Arsenal Match: What the KMI Panel Found

The panel concluded that Gabriel Martinelli hauled Brighton midfielder Mats Wieffer to the ground as Wieffer attempted to run into the area to meet a cross, and that a spot-kick should have been awarded in the 1-0 home defeat. Brighton were trailing to Bukayo Saka’s ninth-minute goal when the incident occurred in the third minute of first-half stoppage time.

The KMI Panel voted 4: 1 that a penalty should have been awarded on the field. In a separate vote the panel decided 3: 2 that the incident met the threshold for a missed VAR intervention, meaning the video assistant referee should have recommended a review.

The ruling said Martinelli was not looking at the ball, held Wieffer into the area and prevented the Brighton player from challenging for the ball.

How VAR Officials Handled the Decision

Referee Chris Kavanagh allowed play to continue and video assistant referee Michael Salisbury cleared the decision without intervening.
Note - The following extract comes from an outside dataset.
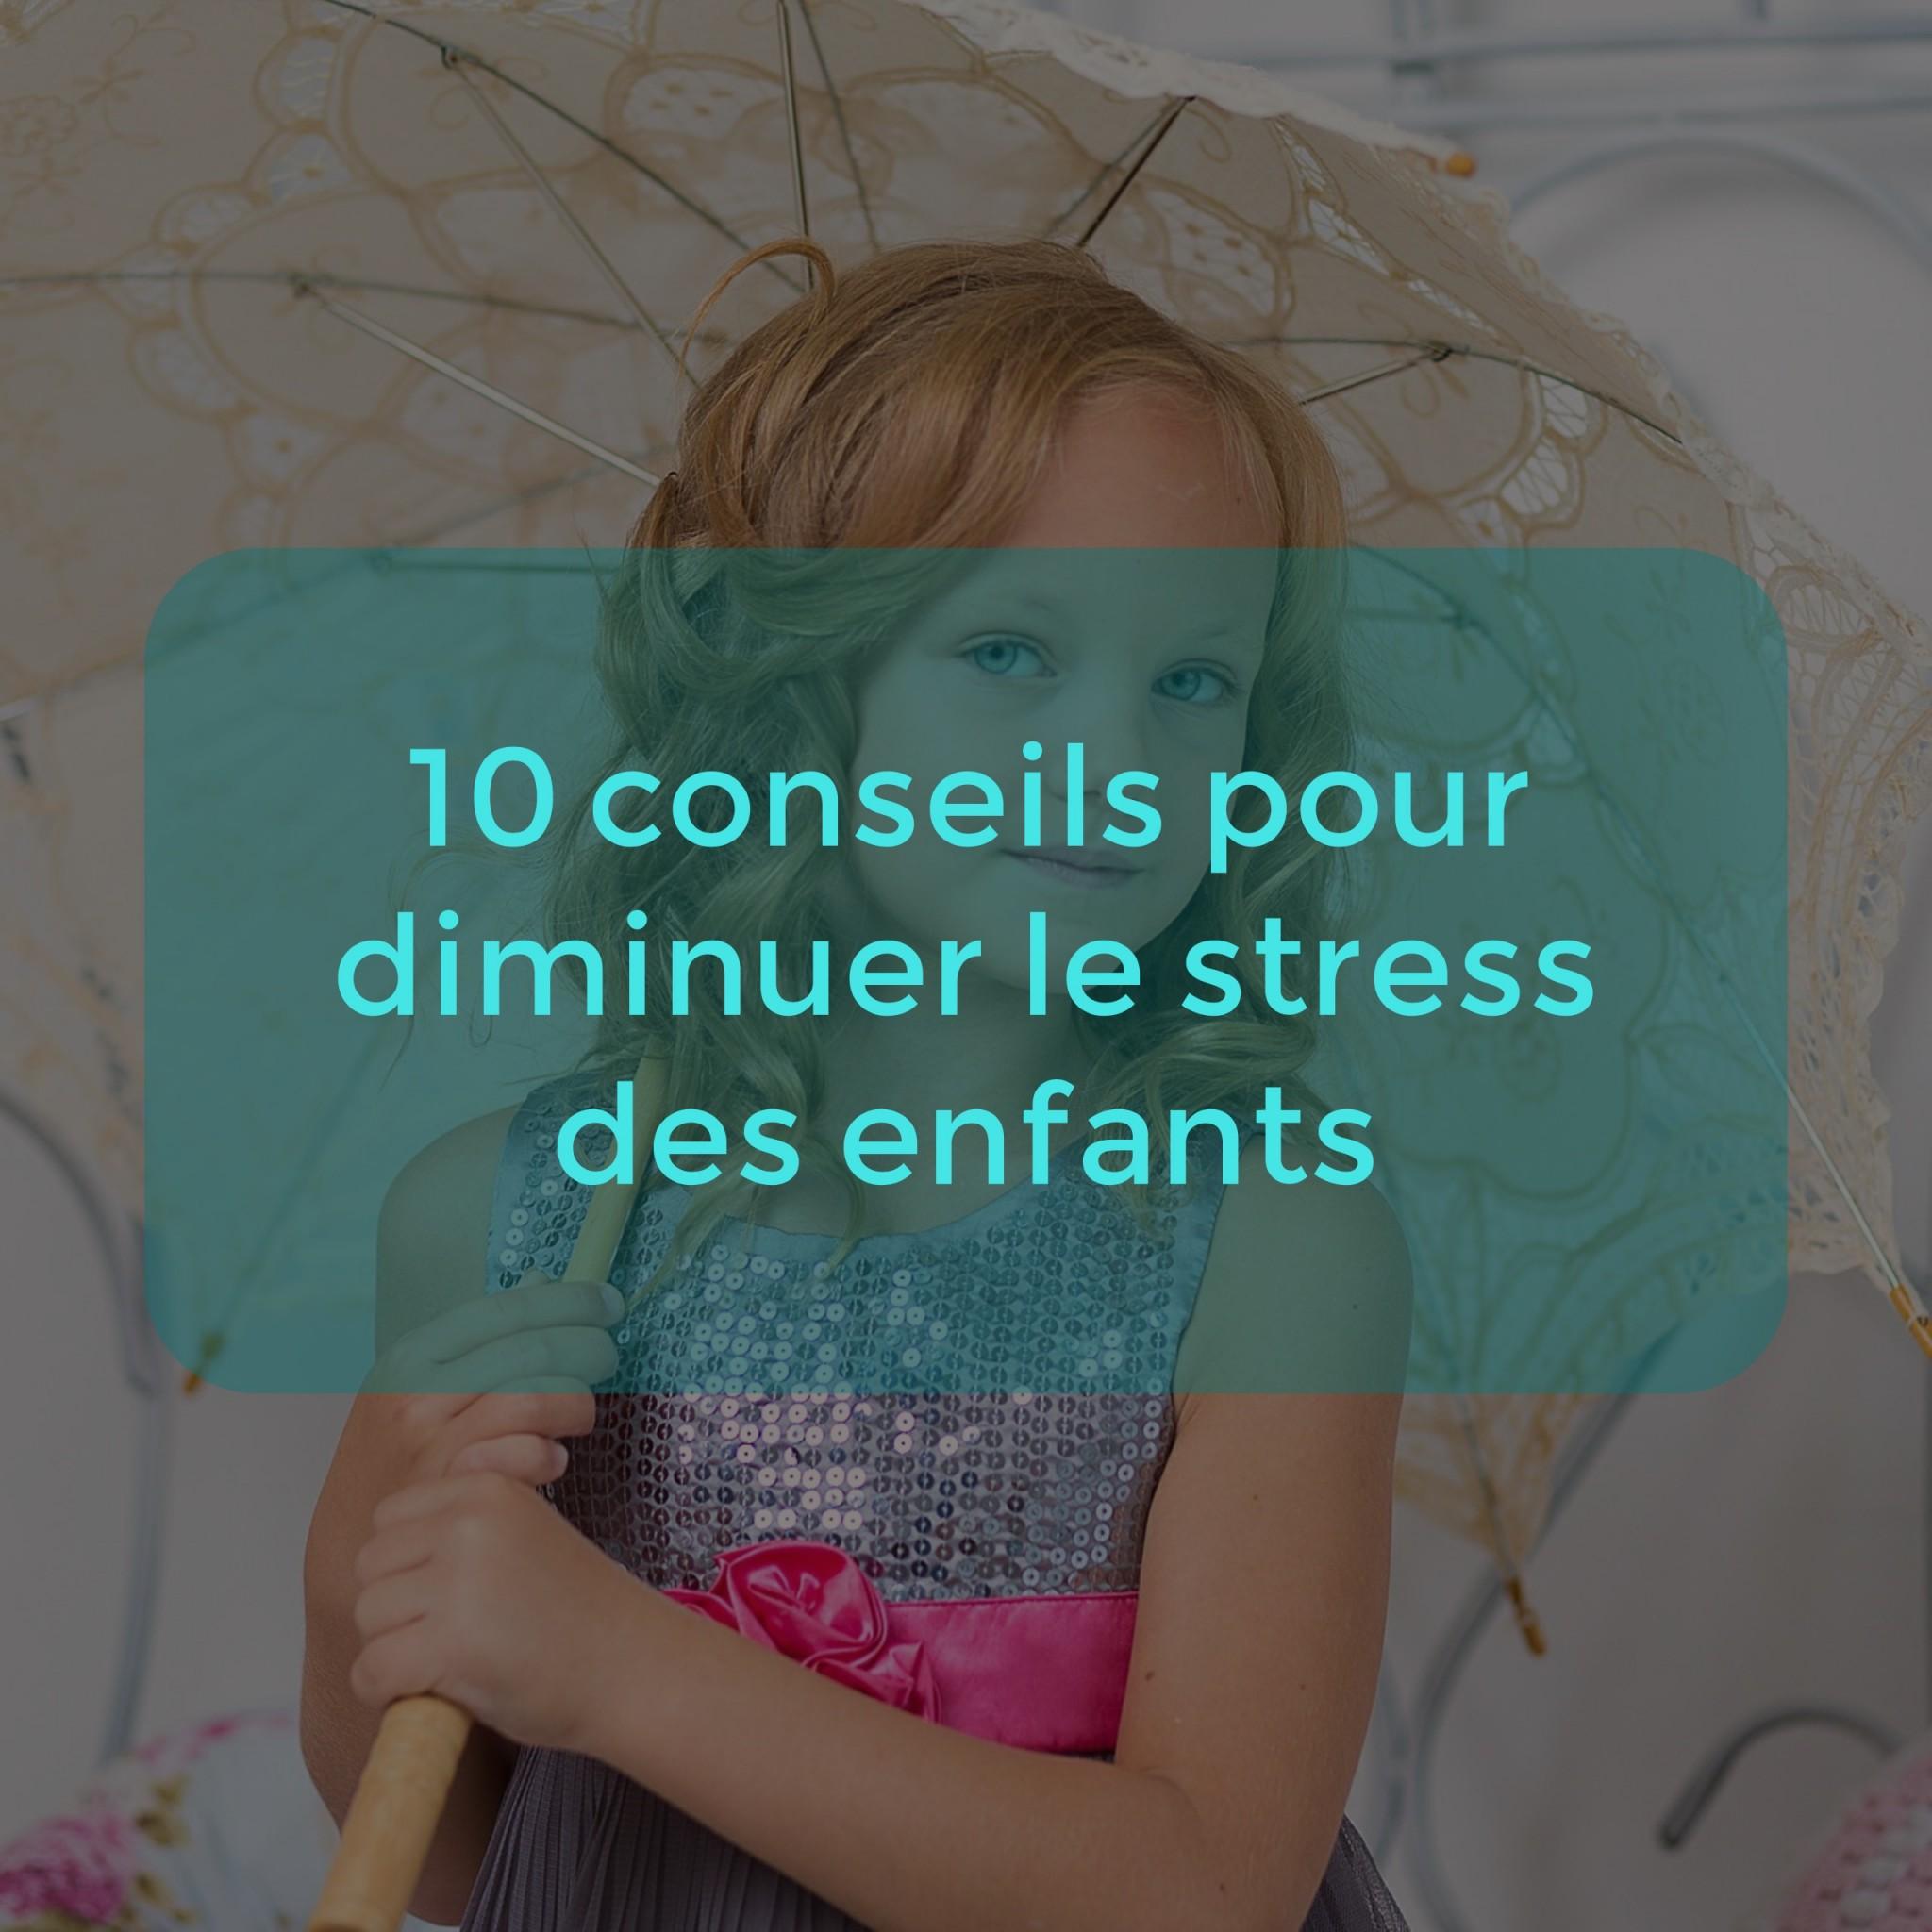 10-conseils-pour-diminuer-le-stress-des-enfants

The Premier League Match Centre wrote that the VAR deemed there was no clear and obvious error.

Brighton boss Fabian Hurzeler complained to fourth official David Webb and exchanged words with Arsenal manager Mikel Arteta on the touchline during the match. The KMI Panel’s findings mark the second time this season that Arsenal have escaped a VAR penalty in matches they won by a single goal.

Seasonwide VAR Record, Related Incidents and Context

The panel’s verdict sits alongside other recent KMI rulings. In December the KMI Panel said Everton should have been awarded a penalty after William Saliba’s challenge on Thierno Barry, and Michael Salisbury was also the VAR for that match. Earlier this month the panel unanimously voted that Chelsea should have been awarded a penalty for handball by Declan Rice, but a 4: 1 vote decided it did not reach the threshold for VAR intervention. In that game Arsenal led 1-0 when Rice deflected the ball following a corner; Chelsea scored two minutes later through a Piero Hincapie own goal and went on to lose 2-1.

Across the season the independent panel has logged 18 VAR errors, matching the total for the entire 2024-25 campaign and remaining below the 35 mistakes in 2022-23 and 31 in 2023-24. From the same gameweek as the Brighton match, Leeds should have been awarded a penalty in their 1-0 loss at home to Sunderland for a holding offence on Pascal Struijk. The Gunners have had no VAR mistakes go against them so far this season.

The ruling comes as Arsenal sit top of the Premier League table with a clear lead and prepare for the return leg of their Champions League round of 16 tie, where they face Bayer Leverkusen on March 17.